Opinion
30251.
DECIDED JANUARY 7, 1944.
Voluntary manslaughter; from Fulton superior court — Judge Pomeroy. July 19, 1943.
Reuben A. Garland, for plaintiff in error. John A. Boykin, solicitor-general, Durwood T. Pye, J. R. Parham, contra.
1. "The showing for continuance was complete, except that it failed to show that the same was not for delay, but to procure the attendance of the witness at the next term. This was material, and the court could well refuse the continuance for this reason." Boggess v. Lowrey, 78 Ga. 353.
2. "A showing for a continuance upon the ground of the absence of a witness, is insufficient if it omits to state that the application is not made for the purpose of delay [even though the accused, as shown by the record, testified that the witness was not absent by my consent directly or indirectly and I expect to have him here at the next term of this court]." Newsome v. State, 61 Ga. 481.

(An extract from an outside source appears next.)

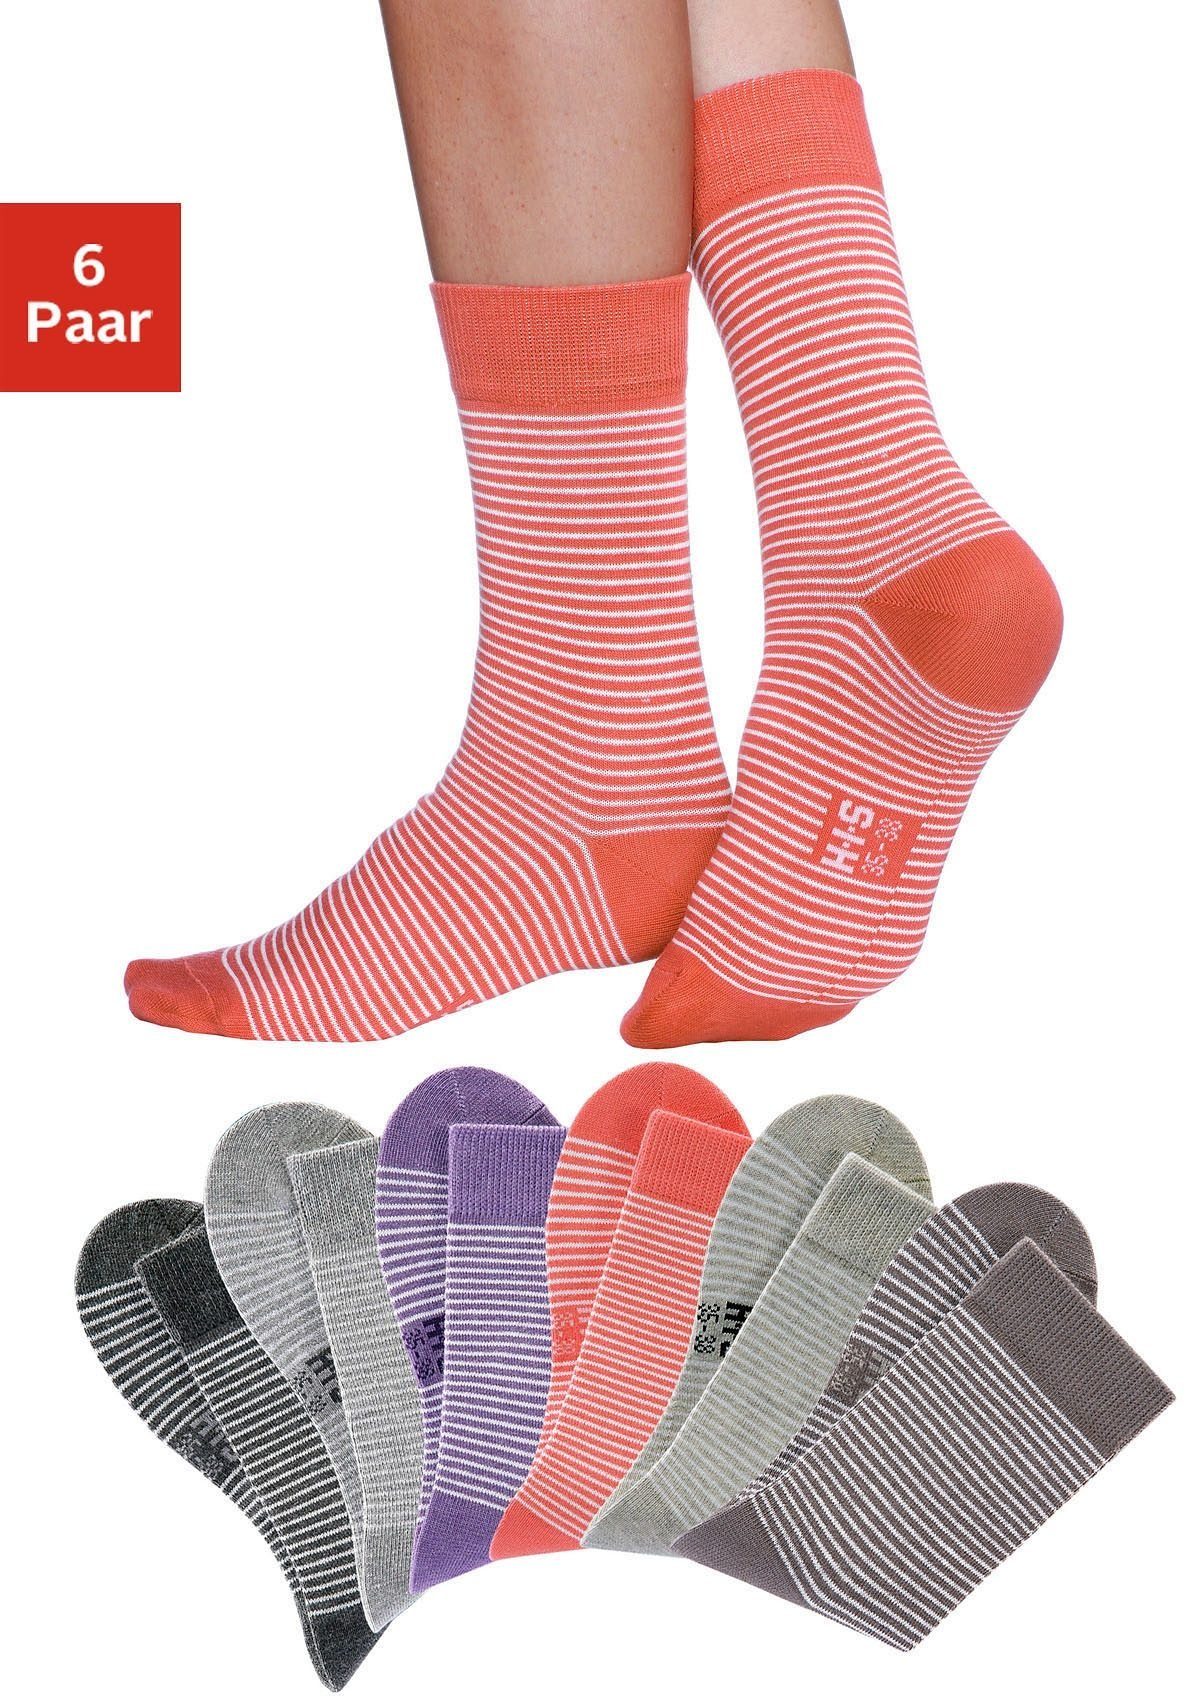 H.I.S Socken (Set, 6-Paar) mit druckfreiem Bündchen 2x grau-meliert-ecru, hummer-ecru, beige-meliert-ecru, lila-meliert-ecru, taupe-ecru

3. "While others might testify that the witness has been subpoenaed, and as to the materiality of his testimony, defendant alone can testify whether the witness is absent by his procurement or consent, or that the motion is not made for the purpose of delay only." Fogarty v. State, 80 Ga. 450 (1-a) ( 5 S.E. 782). There are some exceptions to this rule; to illustrate: Where the defendant is insane at the time of the motion. See Jarrett v. State, 41 Ga. App. 838 ( 155 S.E. 49).
4. Irrespective of the showing against the continuance of the case on the ground of an absent witness, as it unfolded on the hearing of the motion, the showing was insufficient, in that it was not shown that the application was not made for the purpose of delay only. Code, § 81-1410; Cobb v. State, 110 Ga. 314 ( 35 S.E. 178).
5. The evidence warranted the verdict, and there was no error in overruling the motion for a new trial.
Judgment affirmed. Broyles, C. J., and Gardner, J., concur.